Divagazioni su Gabriel Fekete.

di Ada Zunino

Gabriel Fekete ha sangue mitteleuropeo nelle vene, e si vede.

Ultimo dei romantici vecchio stile, e primo di quelli contemporanei, racconta in scultura di un mondo che non c’è più ma che, come per incanto, si ricrea ogni giorno nelle scuole di danza, tra l’artista e la modella di nudo, nelle aule del tempo che fu, ove i canterani sono ancora auliti di cotogno. Suo figlio non a caso si chiama Ariel, nome di vento e folletti dei boschi. Anche di persona suo figlio (di circa due anni) sembra di porcellana. Anzi di terracotta. Fragile. Come le sculture di suo padre, fragili e lievi da un lato. Dall’altro hanno gambe delle sette leghe, robuste, da valchiria. Però si celano dietro fazzoletti di velo. Sono impudiche e caste, bugiarde e sincere, antiche ed attuali.

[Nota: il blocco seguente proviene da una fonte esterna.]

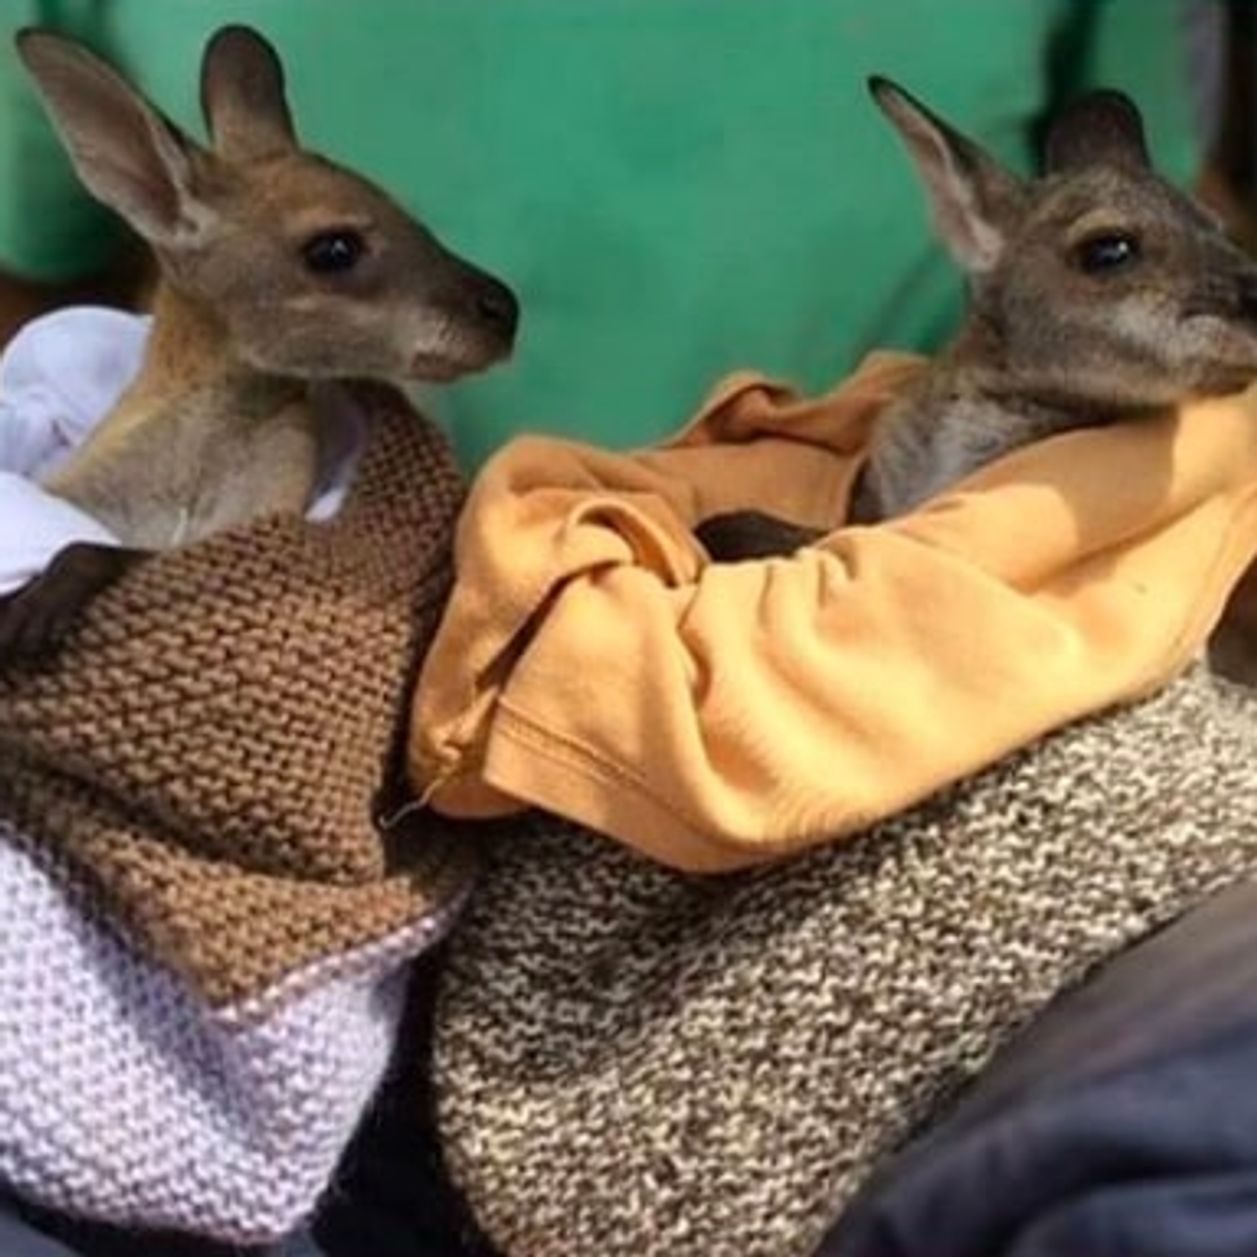 Elles fabriquent des poches en tissu pour les bébés marsupiaux orphelins en Australie

Vivono tra passi di danza, esercizi alla sbarra e panini con hamburger. Fekete si muove con la sinuosità d’un serpente, con la gestualità d’un incantatore, suona il flauto tra le sue opere.

Lui, Fekete, ha lunghi capelli pettinati all’antica con la scriminatura nel mezzo. Vive in una casa piccola piccola, con il soppalco. Il suo studio è aereo e sospeso sul presente dal quale è escluso tutto quello che pesa più di una piuma. Fekete insegna a un manipolo di studenti storia dell’arte. Quando insegna le sue educande di terracotta lo attendono ansiose di essere terminate. Non hanno l’aggressività del famoso esercito di terracotta cinese: ne condividono il materiale. Quelle di Fekete sono plasmate nella creta, però in più hanno l’ingrediente segreto: come la  Coca  Cola.

Ognuno di noi deve afferrarne il fruscio.